Created 03-01-2017 06:09 PM
Hi All, I am using a QueryDatabase Table processor to get data from a sql server database.My requirement is to get the data from the sql server source and put this data in HDFS. The table in sqlserver is a small table which has 240 rows so I was expecting it would generate not more than 240 flow files. But when I run this processor I see that It keeps on producing a lot more than 240 flowfiles. How do I make sure it only grabs the 240 rows and not continuously get the data over and over again. I used a merge content to merge the flowfiles, used a convertAvroToJSON processor and used PutHDFS processor. When I checked the file in HDFS it seems like it is repeating data.
Created 03-01-2017 06:24 PM
QueryDatabaseTable is usually used for "incremental" fetching, meaning it will only grab "new" rows. This is based on the "Maximum Value Columns" property, which is usually set to an ID or timestamp field in the database. That is what allows the processor to only grab "new" rows, as it will keep track of the maximum value it has seen so far for the column, and the next time it runs, it will fetch only those rows whose value is greater than the last max it saw.

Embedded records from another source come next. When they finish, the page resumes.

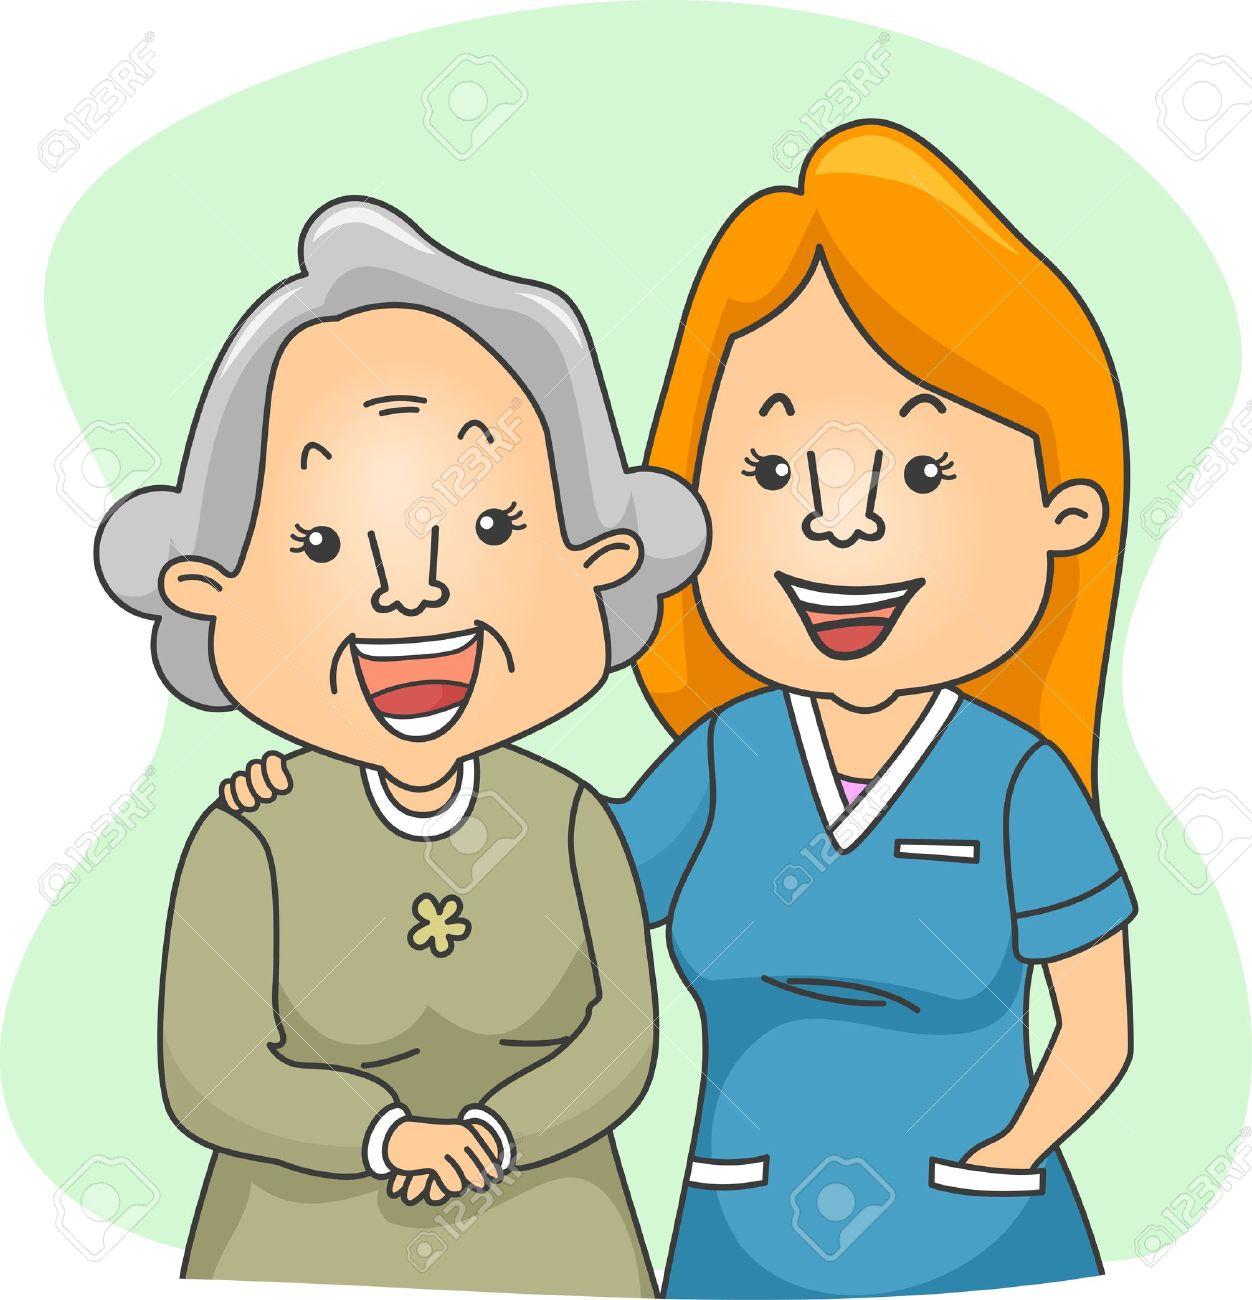 Симпатичная медсестра и пациент 17 фотография
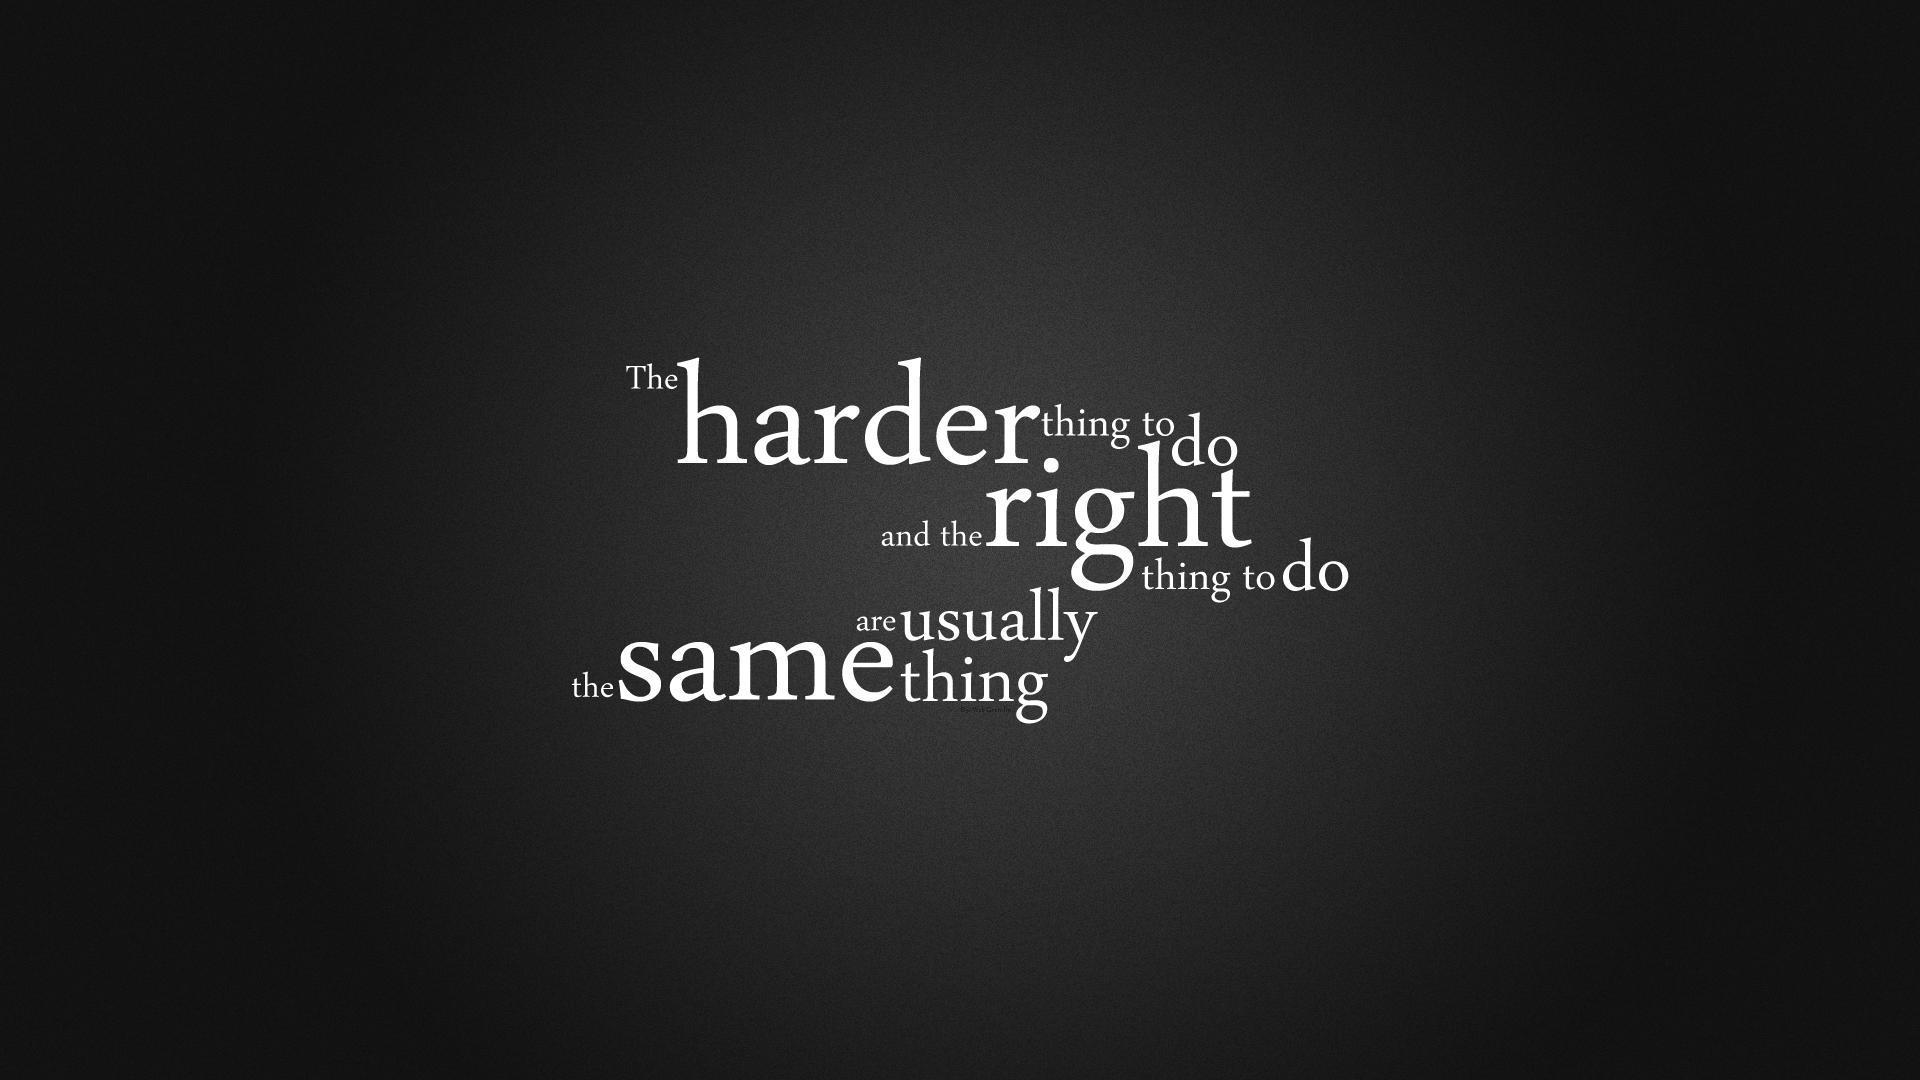 Inspirational Motivational Quotes Desktop Wallpaper
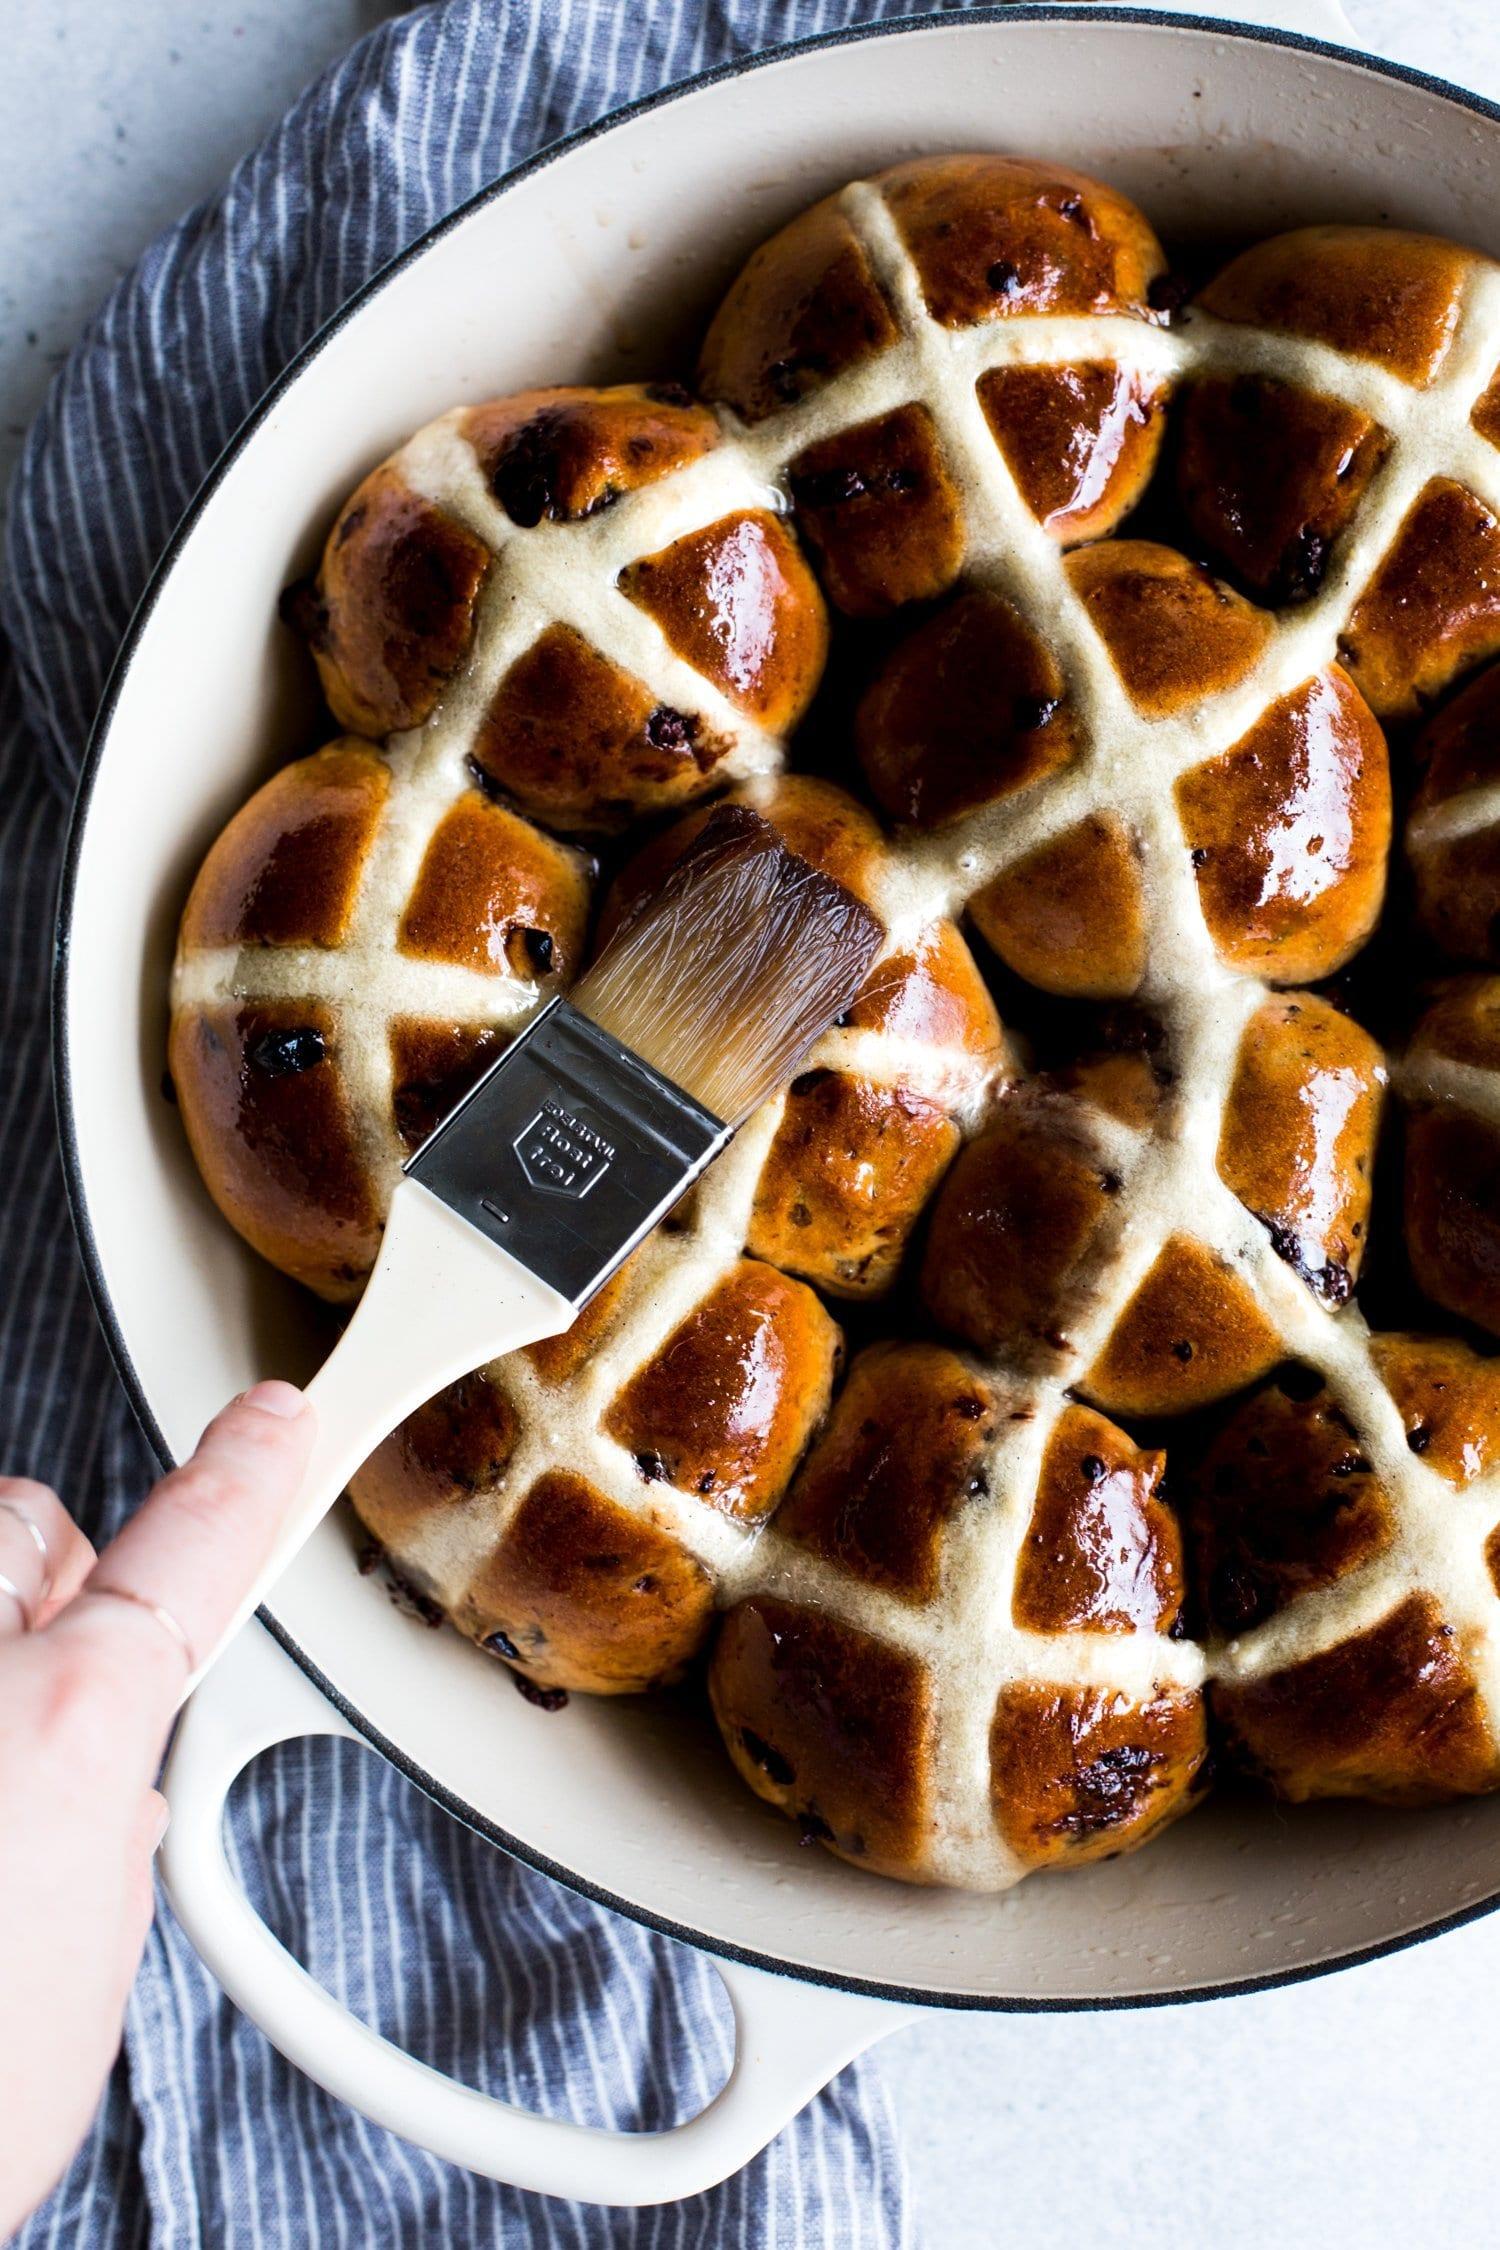 Vegan Hot Cross Buns with Dark Chocolate + Sour Cherries   The Floured Kitchen

If you are not setting a Maximum-Value Column, then QueryDatabaseTable acts much like ExecuteSQL, in the sense that it will keep repeating the same query and thus give duplicate rows. So for your use case I recommend setting a Maximum Value Column for that processor. If there is no such field in the table, then you're really looking at more of a "run-once" scenario, which is not currently supported.
Created 03-01-2017 06:24 PM
QueryDatabaseTable is usually used for "incremental" fetching, meaning it will only grab "new" rows. This is based on the "Maximum Value Columns" property, which is usually set to an ID or timestamp field in the database. That is what allows the processor to only grab "new" rows, as it will keep track of the maximum value it has seen so far for the column, and the next time it runs, it will fetch only those rows whose value is greater than the last max it saw.
If you are not setting a Maximum-Value Column, then QueryDatabaseTable acts much like ExecuteSQL, in the sense that it will keep repeating the same query and thus give duplicate rows. So for your use case I recommend setting a Maximum Value Column for that processor. If there is no such field in the table, then you're really looking at more of a "run-once" scenario, which is not currently supported.
Created 03-01-2017 06:25 PM
Created 03-01-2017 10:19 PM
@Matt Thank you it was very helpful.